Jeep is due to release a dual cab Wrangler in 2018. The Land Rover Defender will be back in 2019. 
And Hyundai are a strong chance to throw a dual cab out before 2020. 
And the Dodge Ram will be here next year...

----------


## SilentButDeadly

> Defender. Shudder

  Only when the engine is running... 
I loved my old Defender...nothing more capable out of the box. And I found them reliable if they were properly looked after. The last one I had only died cause I killed it. Unfortunately, the NVH were not great.

----------


## Marc

I like the Range Rover.

----------


## SilentButDeadly

> I like the Range Rover.

  Wanna buy one?

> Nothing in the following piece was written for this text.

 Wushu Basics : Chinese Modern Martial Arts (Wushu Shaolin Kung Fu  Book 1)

I've got a former project (1982 two door) that is currently masquerading as yard art...

----------


## ringtail

> Only when the engine is running... 
> I loved my old Defender...nothing more capable out of the box. And I found them reliable if they were properly looked after. The last one I had only died cause I killed it. Unfortunately, the NVH were not great.

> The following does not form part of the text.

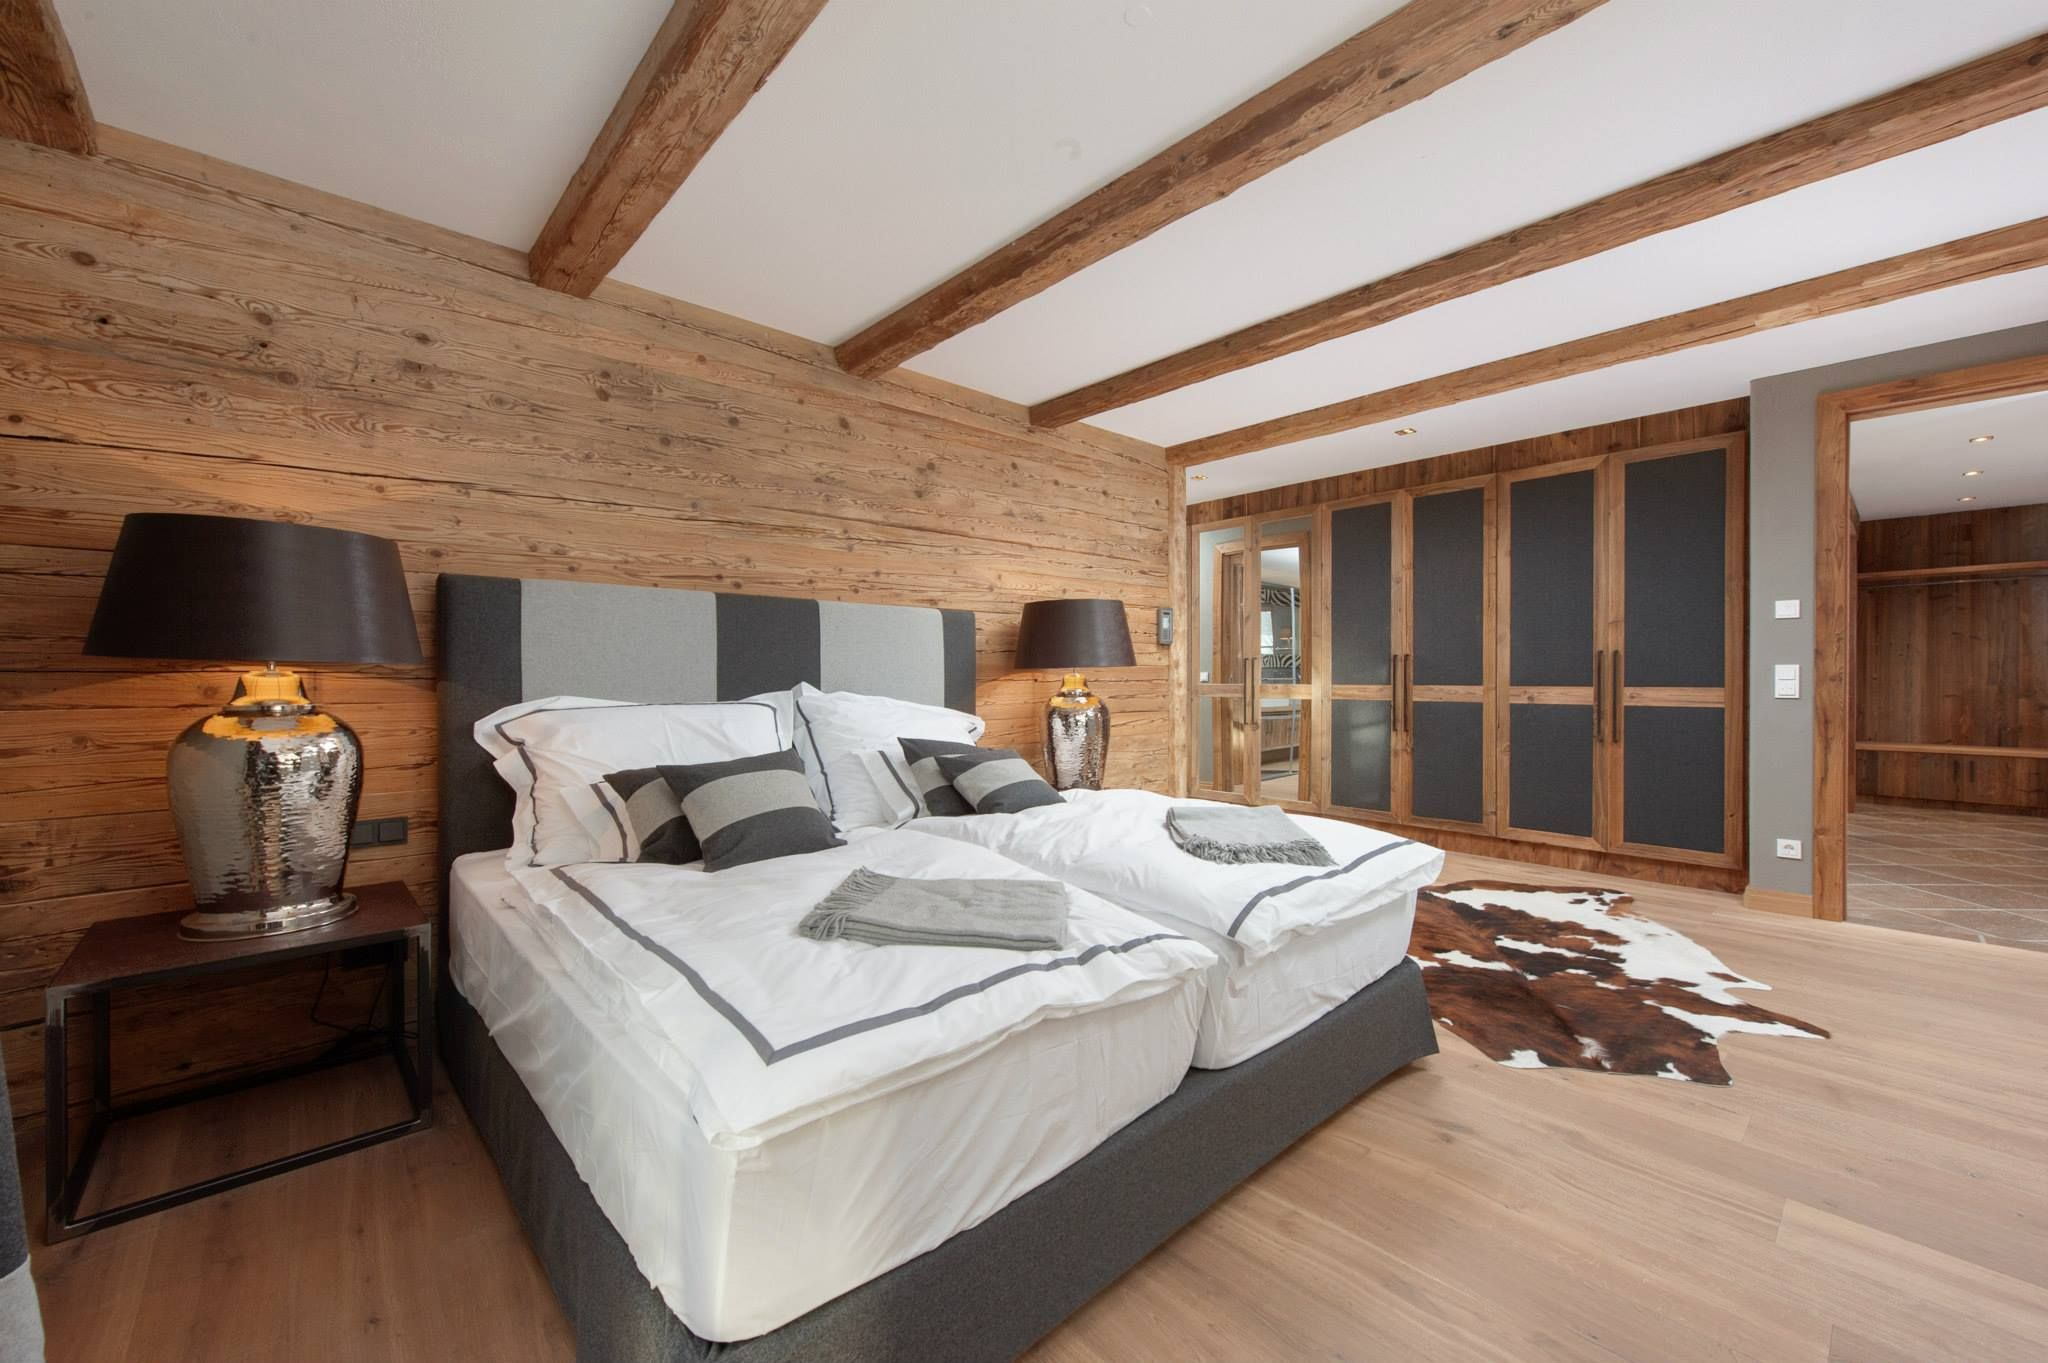 Alpen charlet holz schlafzimmer inneneinrichtung und villa - Inneneinrichtung schlafzimmer ...

  I really like them but would never own one. They look tough, they do the business but they're British. How they won the war I'll never know  :Tongue:  . Current ones with a boatload of km on the clock are still pricey too. I've worked on a lot of rangies and discos. Around 1996 was the last good one ( well, decent one) injected with the 4 speed ZF auto. I reckon an old one with a LS1 motor and auto would kick ass.

----------


## ringtail

Put the first tank of diesel through the Dmax. 10.2 lt/100. Happy with that. Should get 8's on the highway all day.

----------


## Marc

> Wanna buy one? I've got a former project (1982 two door) that is currently masquerading as yard art...

   Mm I guess it is junk already. 
No I like the new ones, but at 200k I rather buy a Bentley

----------


## SilentButDeadly

> I reckon an old one with a LS1 motor and auto would kick ass.

  Having once owned a Series 3 Stage 1 (Series Landie with Range Rover permanent 4x4 driveline) with a much modified 4.4 L V8 and the 4 speed manual box...it would indeed kick @@@@... probably mine.

----------


## ringtail

The deefer would be perfect with an Isuzu engine. Oh wait, the Army uses them.  :Biggrin:  Still not that cheap to buy at the army auctions though

----------


## Barboots

> If I pull on the handbrake (or lamelessly forget to release it) there is no way the Prado is leaving. Maybe people have been leaving the handbrake on first click while driving and overheating the shoes or something.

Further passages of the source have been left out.